Воздаяние свершают существующая по своим универсальным законам и безразличная к любой человеческой славе и могуществу Природа и увековечивающая, возвеличивающая или придающая забвению Память. Результат работы коллективной памяти – отражающий акцентированное автором современное восприятие героев и обусловленный не только тем, что положительное склонны забывать, а отрицательное как требующий осмысления травматический опыт помнится лучше и дольше, – воплощен в экфрасисах. «Who trembles now at thy capricious mood? / ‘Mid those surrounding Worthies, haughty King», – с иронией обращается поэт к давно ушедшему Генриху VIII, который теперь всего лишь портрет среди многих других, и о котором, несмотря на существовавшие достижения (их время не сотрет, но поэт относит лишь на счет Провидения (Recollection, 11‒14)), память сохранилась плохая. Едва ли его могли забыть, несмотря на многолетнее изгнание, недавно умершего Наполеона. Однако Вордсворт о его памяти не говорит, отказывая в ней возомнившему себя всесильным и «пытавшемуся поработить мир» (См. подр.: [Рогова 2014: 33‒37]). Лишь Веллингтону (который был еще жив, но эпоха и свершения которого завершились) в связи с меньшими прегрешениями и великой победой (хотя и с колебаниями [Рогова 2015: 109]) предрекает рай – собственно память: «…for he such seed/Has sown as yields, we trust, the fruit of fame / In Heaven; hence no one blushes for thy name, / Conqueror, ‘mid some sad thoughts, divinely blest!» (строки 11‒14).

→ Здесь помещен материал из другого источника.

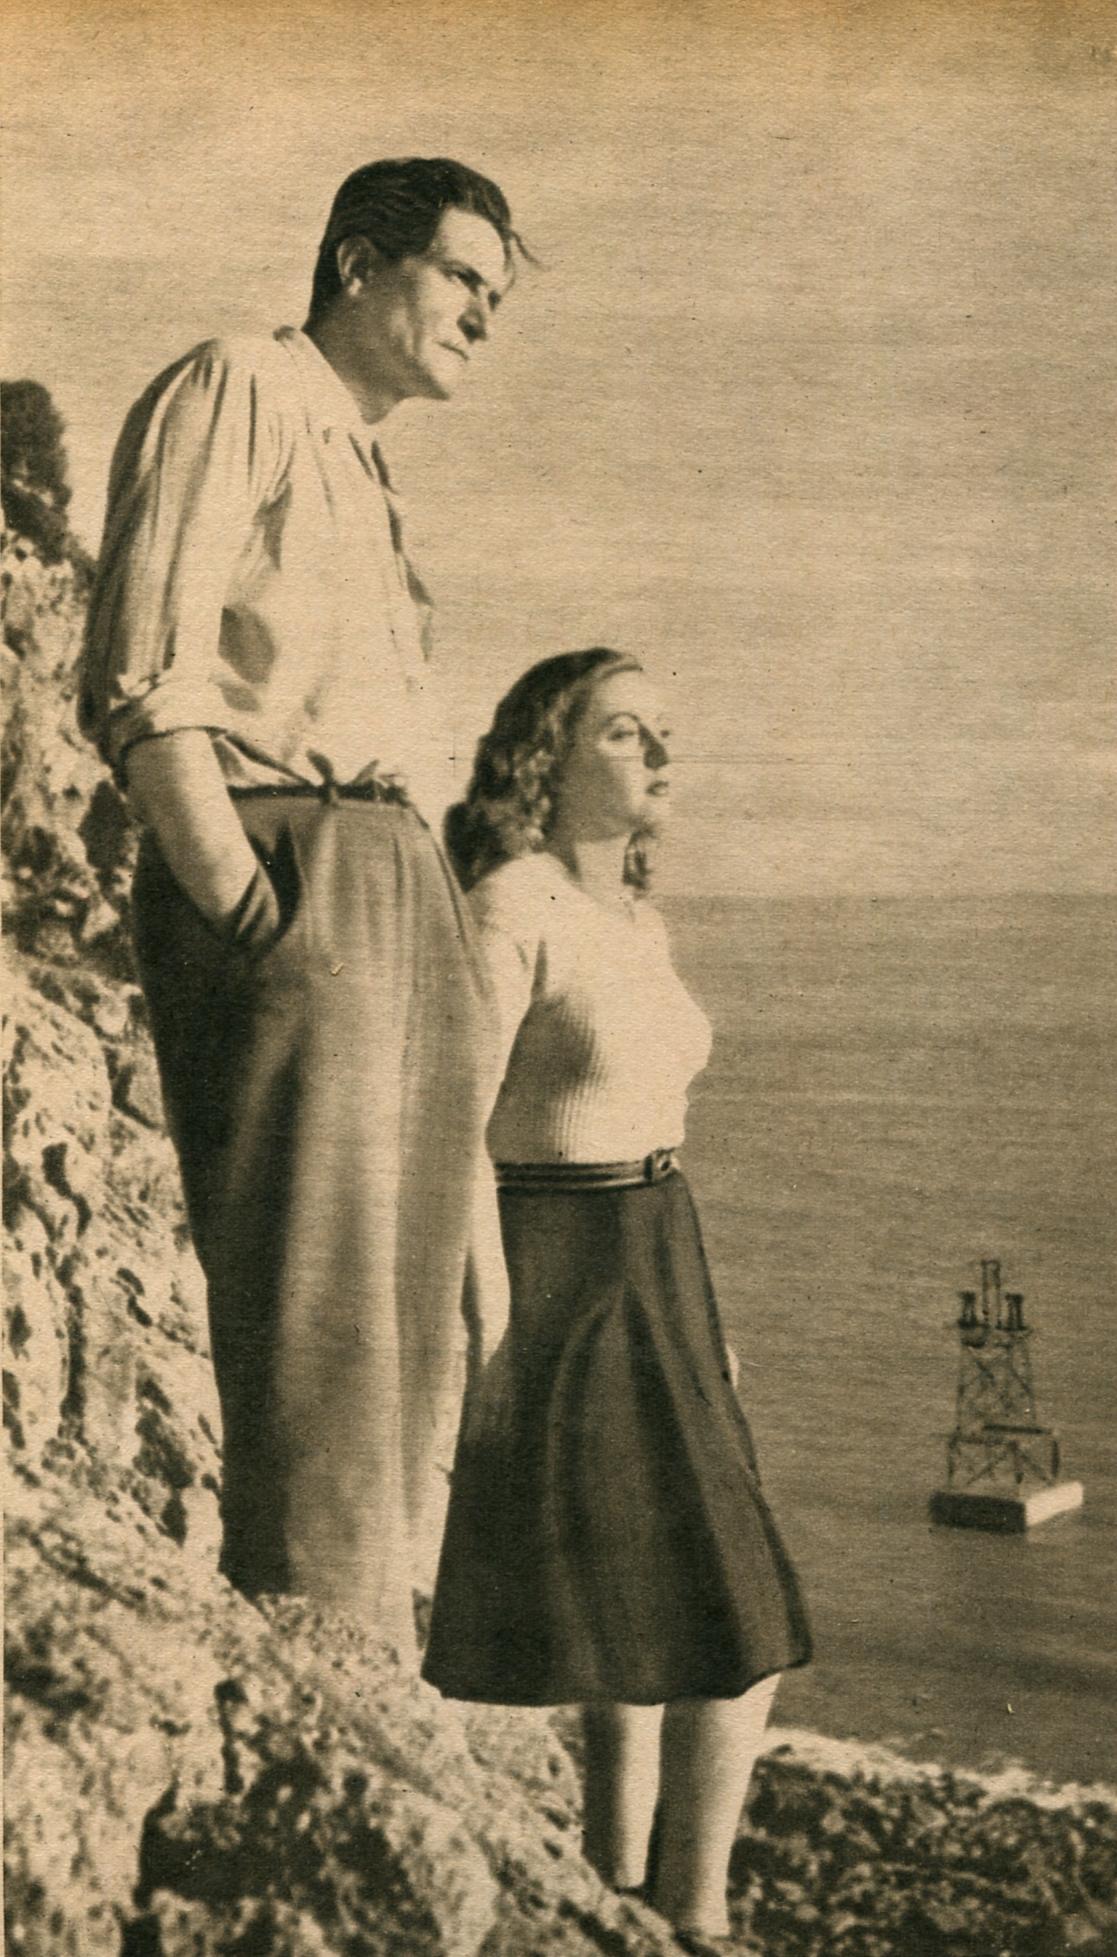 Clément Duhour and Viviane Romance in La maison sous la mer (1947)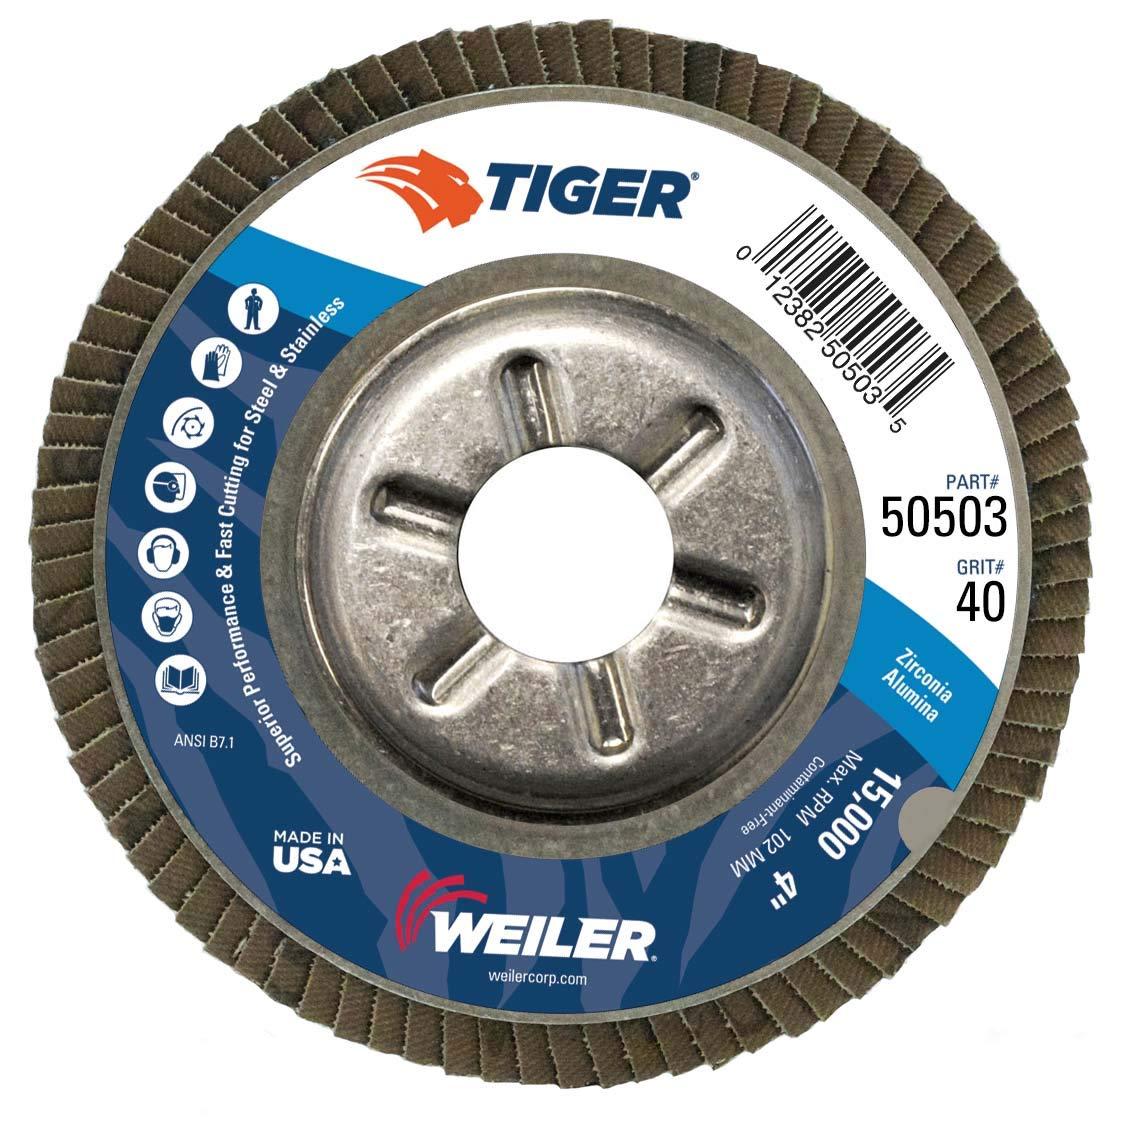 """Weiler 50503 Tiger Abrasive Flap Disc, Type 29, Round Hole, Aluminum Backing, Zirconia Alumina, 4"""" Dia., 40 Grit"""

Экфрасисы Вордсворта демонстрируют утрату поэтом уверенности в «абсолютной силе целительной и восстанавливающей памяти», проявившуюся уже в 1814 г. в элегический «Экскурсии» – эпитафии веку, представляющей «память, не воссоздающую или отчасти восстанавливающую прошлое, но память, которая может только предавать посредством знаков и образов разорванные невосполнимые повествования о прошлом» [Hirschfield 1999: 3]. В предвосхищение суждений историков XXI в., и в частности Нора [Nora 1989: 8‒9], они отражают постоянные процессы индивидуальной и культурной памяти (запоминание, забвение, присваивание, манипуляцию, засыпание и пробуждение, нестабильность, стираемость), осознание которых в условиях исторической необходимости вызывает у поэта активное желание запечатлевать образы, события и их восприятие для ее поддержания, передачи должного знания следующим поколениям. Понимание важной роли искусства в созидании памяти и своей как Поэта – ее инициатора и столпа (для которого «хрупкая сила», чьи «вспышки зависят от случая»1 вполне осязаема, если и не совсем надежна, а воображение способно «уловить то, что находится в постоянном движении», «ту нить связующую нас с вечным настоящим» [Ibid: 8]), объединяющей силы, подобной Солнцу во Вселенной, побуждает к сохранению своих творений и памяти о себе, ее закреплению в стихах через реакцию на образы других, через отражение мнений и практики на фоне коллективных. Таким образом, увековечивая запечатленных героев и мастерство художника, Вордсворт постоянно увековечивает самого себя и свои размышления о Человеке, Жизни, Времени, Природе2.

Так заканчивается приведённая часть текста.